A Web text mining approach based on self-organizing map

  • Authors:
  • Chung-Hong Lee;Hsin-Chang Yang

  • Affiliations:
  • Department of Information Management, Chang Jung University, Tainan, Taiwan;Department of Information Management, Chang Jung University, Tainan, Taiwan

  • Venue:
  • Proceedings of the 2nd international workshop on Web information and data management
  • Year:
  • 1999

Quantified Score

Hi-index 0.00

Visualization

Abstract

Web text mining is a new issue in the knowledge discovery research field.

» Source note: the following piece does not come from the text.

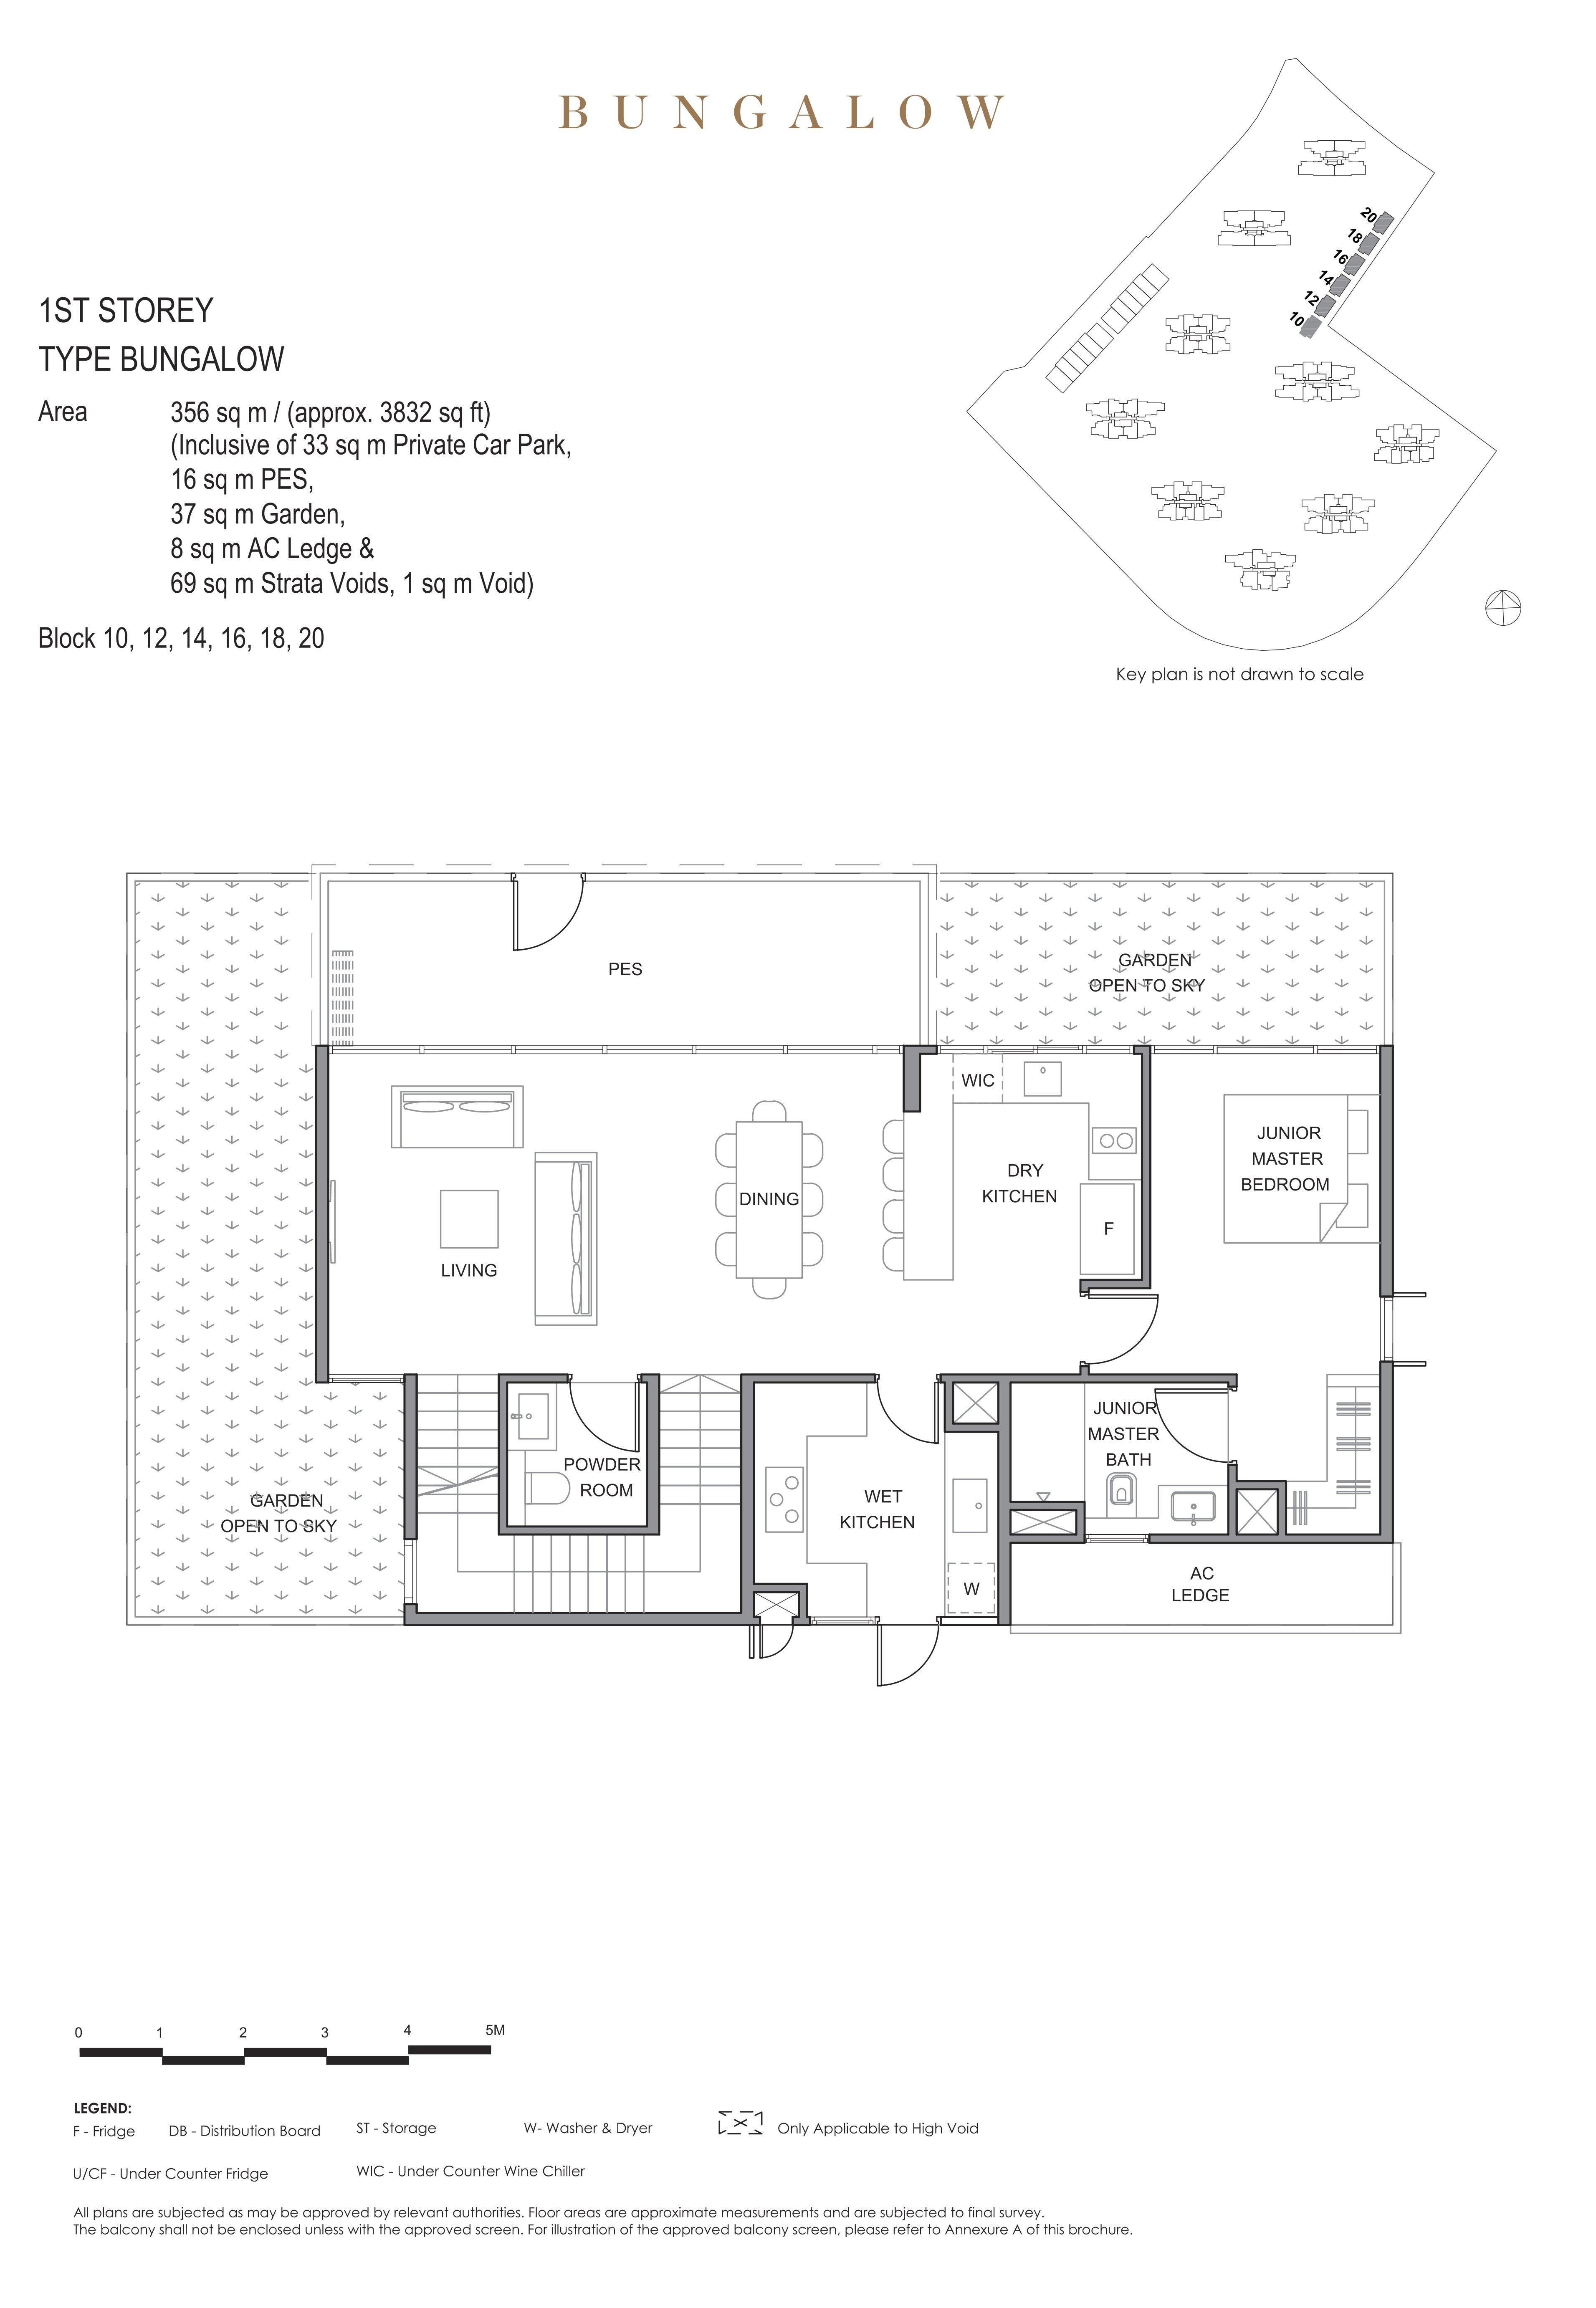 Parc Clematis 锦泰门第 masterpiece bungalow 1st storey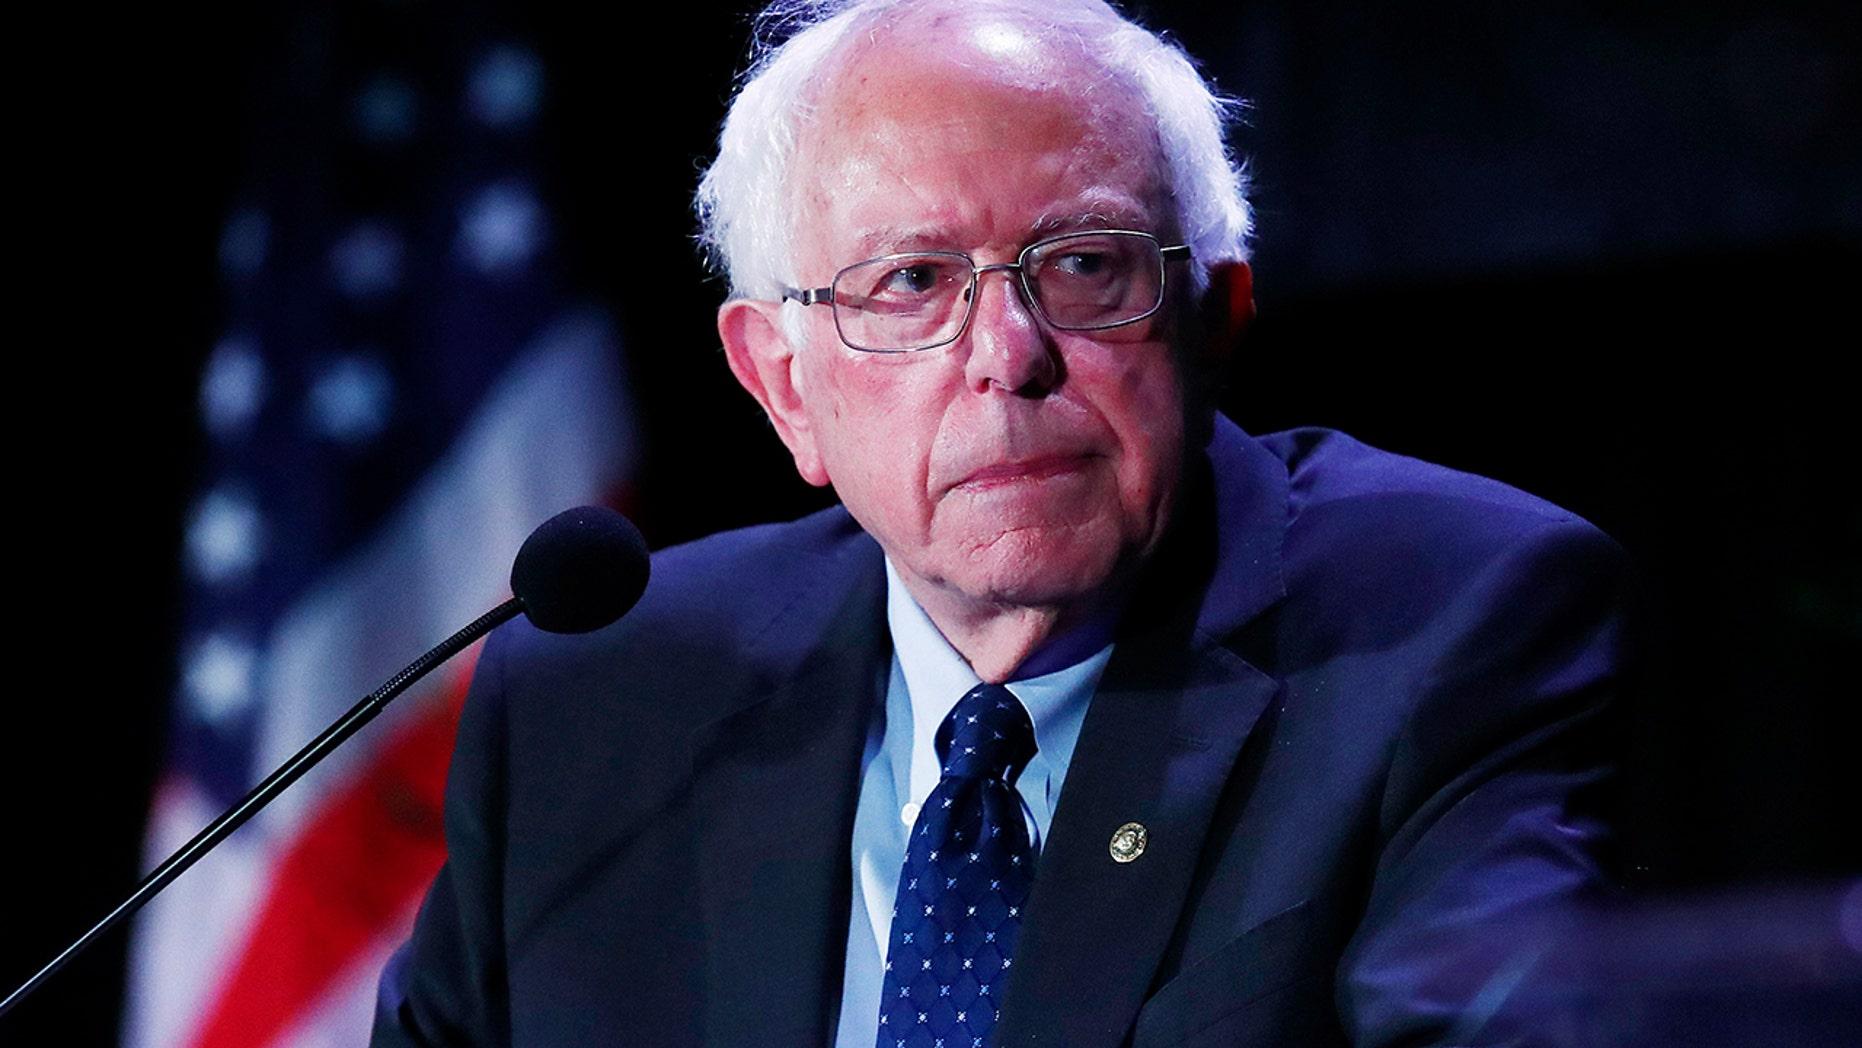 Westlake Legal Group Bernie-Sanders-thumb Sanders to propose eliminating all $1.6T of student debt in US: report Gerren Keith Gaynor fox-news/us/education/college fox-news/politics/2020-presidential-election fox-news/person/bernie-sanders fox news fnc/politics fnc article 4fe58db5-0df8-5df2-83f2-957caa1c9f98

It is aimed to help people discover knowledge from large quantities of semi-structured or unstructured text in the web. Several approaches, including some pure and hybrid information retrieval (IR) methods, have been proposed to tackle such an issue. Among these approaches, combining the Self-Organizing Map (SOM) method with the principles of the vectorspace model, appears to be a promising alternative for the traditional purely IR-based methods in this problem domain. In this paper, a novel SOM-based method using a Chinese corpus for web text mining is presented. The SOM is used to generate two maps, namely the word cluster map and the document cluster map, which reveal the relationships among words and documents respectively. The search process incorporates these two maps and effectively finds the relevant documents according to the keywords specified in the query. The conceptually associated web documents are found not only by the specific keywords but the relevant words found by the word cluster map.